The stories come from Xenakaisla elder Cecil Paul Sr. (Wa’xaid). They are a range of anecdotes and memories that Penn arranges in a beautiful illustration of the 20th century indigenous experience from the Northwest coast of British Columbia.
Wa’xaid grapples with his time at residential school. He faced life in the gutter of near-drowning drunkenness. He talks about the birth of his hatred for the “white man” and also how that hatred died. Weaving throughout the narrative is the constant struggle with industrialization. The central thread throughout the book is his effort to protect his birthplace, the Kitlope Valley, from logging.
Wood wars
Through the 1980’s and early 1990’s there was a multi-front battle in British Columbia to protect areas like the Stein Valley, Clayoquot Sound and Lyell Island. The Kitlope is lesser known in this lore. Nevertheless, in 1994 the British Columbia government protected 400,000 hectares, the “largest intact coastal temperate rainforest on the earth.” It was not an act of environmental generosity. It was earned.
We face many of the same challenges today. Wa’xaid gives us a beautiful gift, a Magic Canoe. There is nothing exclusive about this canoe. Indeed, all are welcome to come aboard the canoe as long as you are paddling for the Kitlope.
Wa’xaid, walked with an open mind, and as he went he collected anybody and everybody willing to add their voice to the ever-growing chorus singing and paddling for the Kitlope. He did not even ignore the loggers. He knew them to be avid fly-fishers, so he brought them to the Steelhead spawning grounds flagged for destruction by the logging.
Pulling together
We can learn from Wa’xaid. It’s a lesson for the work we have ahead. We can ill-afford exclusivity. Everyone who is willing to paddle must be welcome aboard the Magic Canoe. In Wa’xiad’s own words,
“I went up on the riverbank by the tree of my little granny. I hear my granny’s spirit: Masi sax qasüüs What are you here for?”
I tell her, “Because they are going to destroy, they are going to kill the Kitlope, our valley.”
“In my dream, there will be a lot of people coming to help,” she says. “You launch a supernatural canoe and no matter who comes aboard to help us save the Kitlope, gän’im llaka’tlee – there will be lots of paddlers – that canoe will never be filled.

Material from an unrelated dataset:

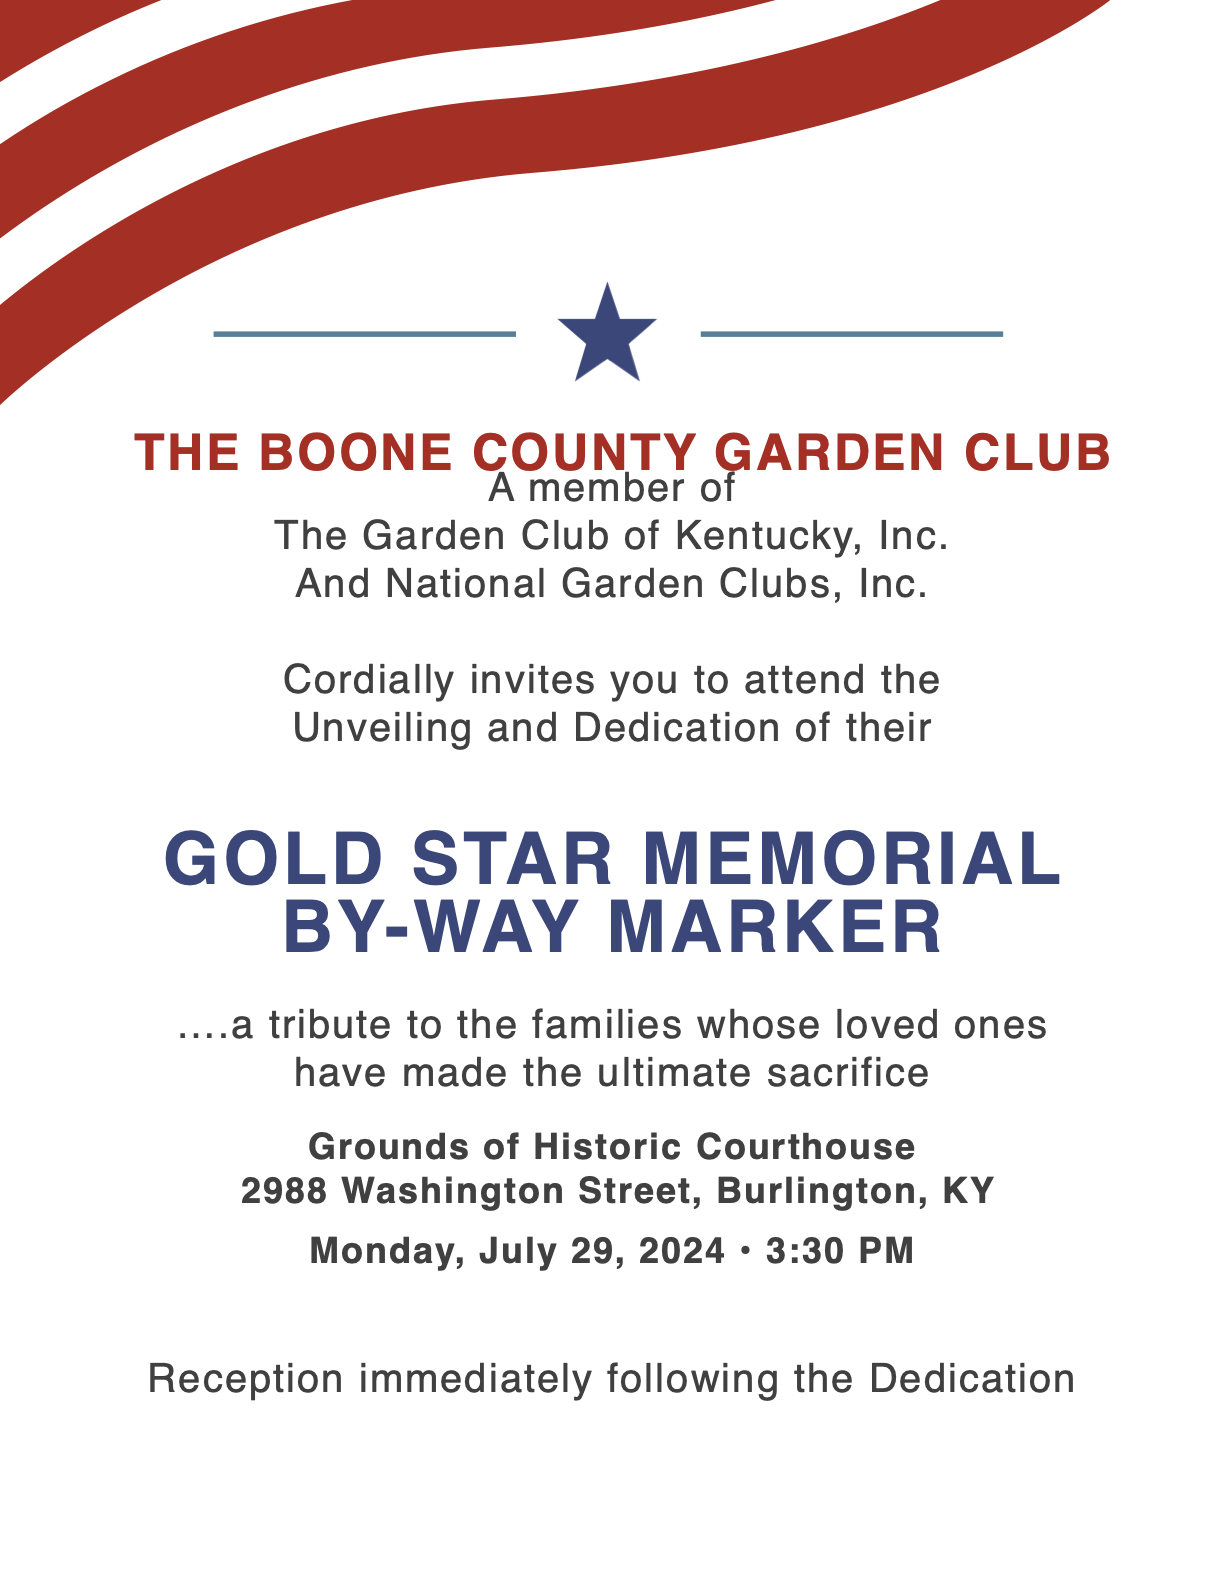 Boone County Garden Club - Gold Star By-Way Marker Dedication

Take a person that will guide you through uncharted waters to save the Kitlope.”
“Kemano and Gardner Canal” by Sam Beebe is licensed under CC BY 2.0
Thank-you for your words on this Adam. It makes me think of the work we are doing at Where Do We Stand right now, we are a collective of people from all walks that share a mutual concern for the health of the forests, mountains and water that runs from them here in the Cowichan Valley.
Equally of course for my support and love of the Old Growth forests, it is so rare to find a low valley untouched and intact temperate old growth rainforest, of which we have here on Vancouver island. The forests need our voices and our stewardship, as I shared the Iroquois belief yesterday that all our actions should be guided on how it will affect us 7 generations from now.